2022/03/08 15:34:31 [DEBUG] Created New IPAM Client
2022/03/08 15:34:31 [DEBUG] [STORE] Using IPAM DB file from mount path
2022/03/08 15:34:31 [DEBUG] [STORE] [ipaddress status ipam_label reference]
2022/03/08 15:34:31 [DEBUG] [STORE] 2001:db8:4::7 1 Test ZpTSxCKs0gigByk5
2022/03/08 15:34:31 [DEBUG] [STORE] 2001:db8:4::8 1 Test 650YpEeEBF2H88Z8
2022/03/08 15:34:31 [DEBUG] [STORE] 2001:db8:4::9 1 Test la9aJTZ5Ubqi/2zU

Note: For the CIS configuration, ensure that your CIS deployment manifest defines below parameters, which are particularly for service type LoadBalancer and IPv6 use case.

"--custom-resource-mode=true",
"--ipam=true",
"--enable-ipv6=true",

Then you can deploy a simple Service resource like below:

apiVersion: v1
kind: Service
metadata:
  annotations:
    cis.f5.com/health: '{"interval": 5, "timeout": 10}'
    cis.f5.com/ipamLabel: Test
  labels:
    app: svc-f5-demo-lb1
  name: svc-f5-demo-lb1
  namespace: default
spec:
  ports:
    - name: svc-lb1-80
      port: 80
      protocol: TCP
      targetPort: 80
  selector:
    app: f5-demo
  type: LoadBalancer

At which point the magic happens and you see that your "EXTERNAL-IP" is populated with an IP address allocated by F5 IPAM Controller.

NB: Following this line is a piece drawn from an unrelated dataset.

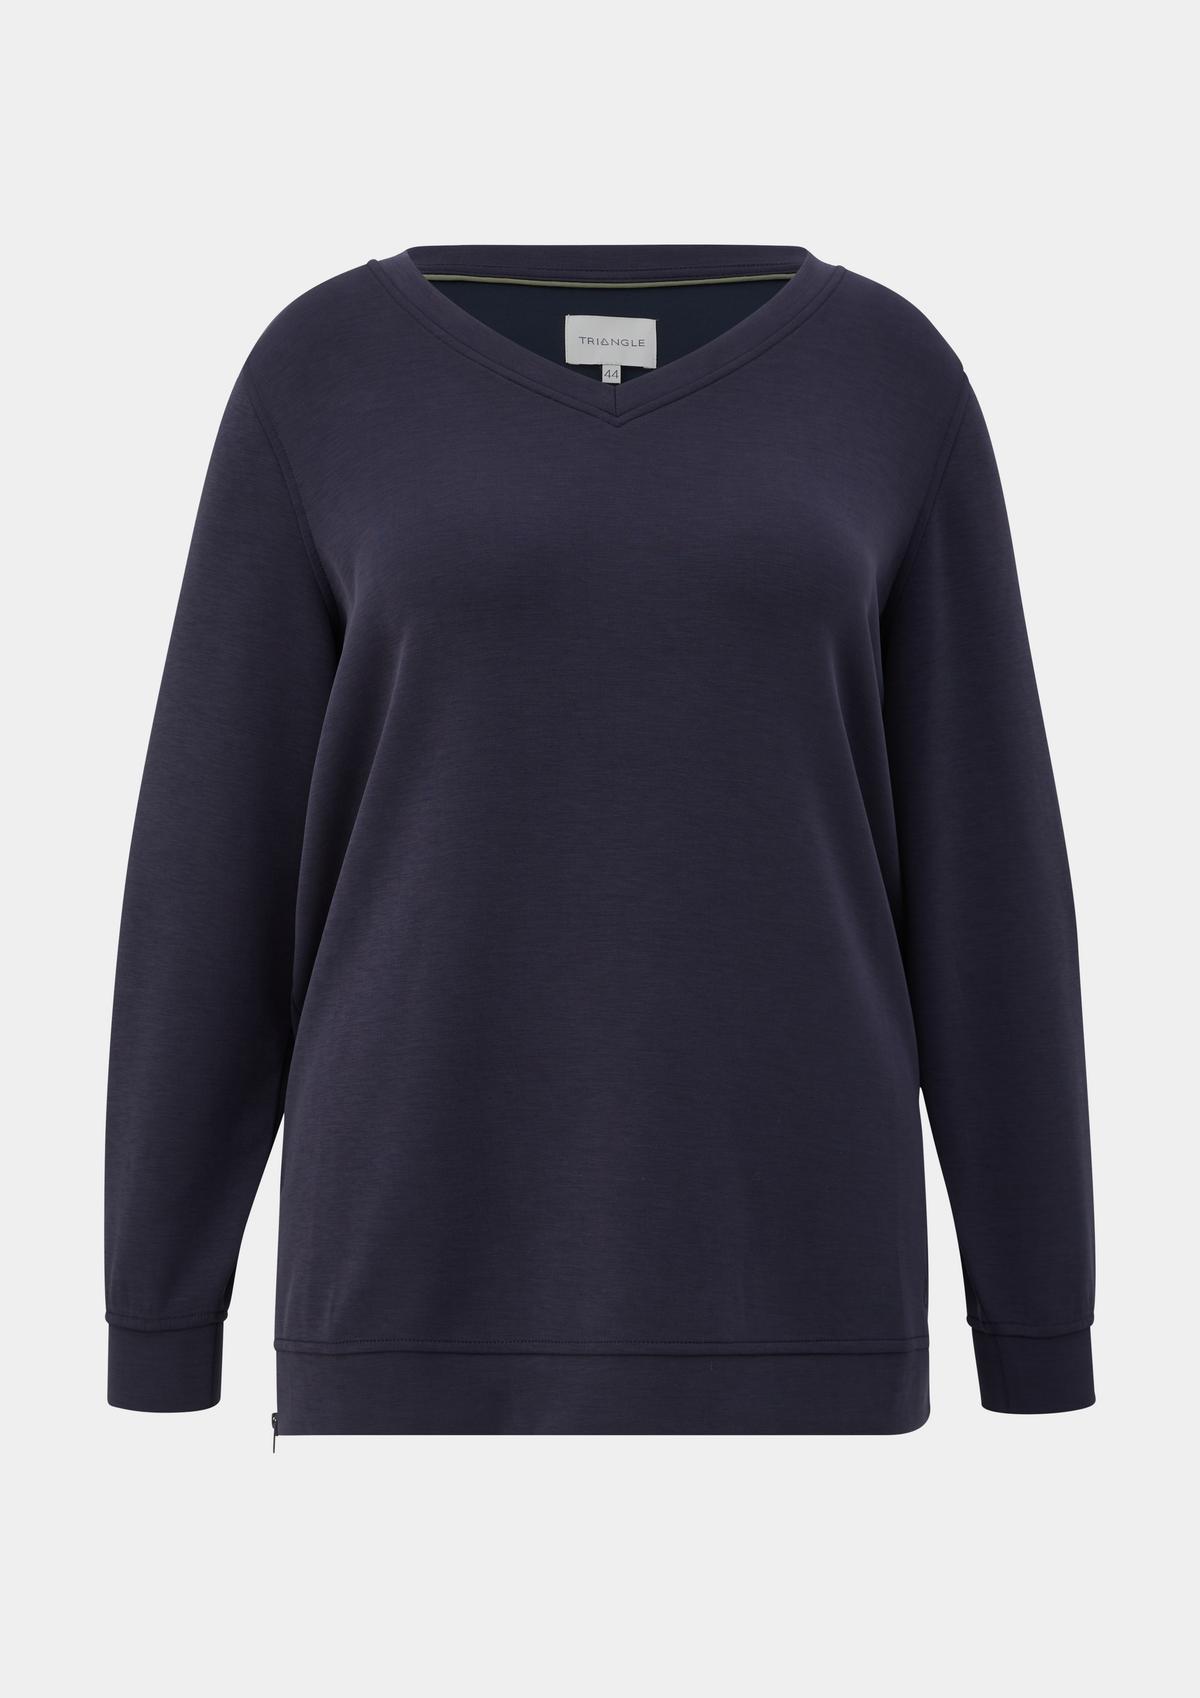 s.Oliver Modal blend sweatshirt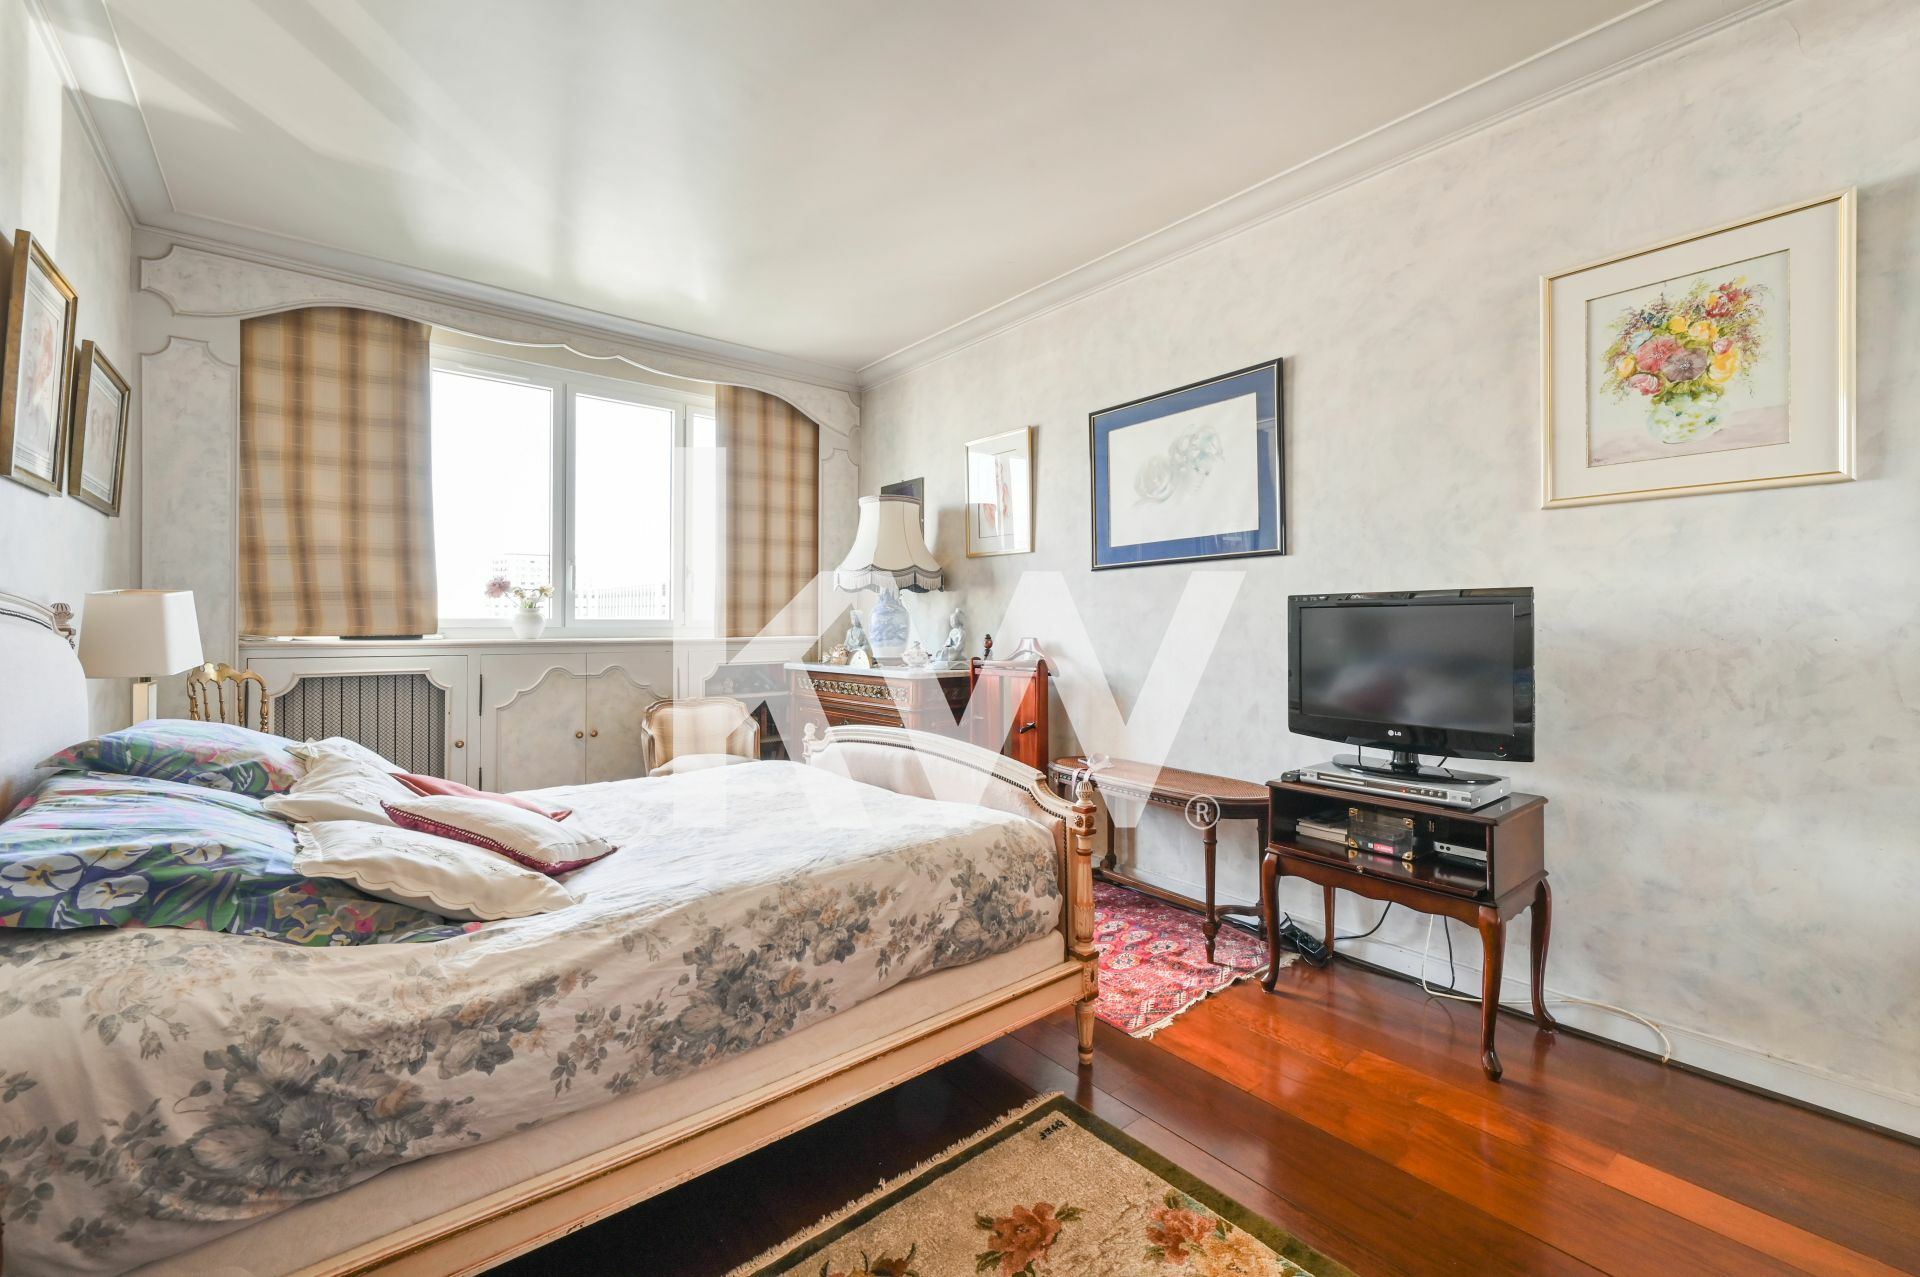 VENTE : appartement de 4 pièces (132 m²) dans le 17e arrondissement de Pari (10/11)

# kubectl get svc svc-f5-demo-lb1
NAME              TYPE           CLUSTER-IP    EXTERNAL-IP     PORT(S)        AGE
svc-f5-demo-lb1   LoadBalancer   172.19.2.55   2001:db8:4::4   80:32410/TCP   43m

On the BIG-IP you will see the virtual server created as defined in your Service object.

Summary

Moving to a single-stack IPv6 Kubernetes cluster can be difficult and requires a thorough review of all your application components as well as the parts that integrate with your cluster.

F5 has ensured that even with a pure IPv6 environment you are covered with an enterprise grade ingress solution that not only simplifies exposing of your workloads, but also provides many security options as well.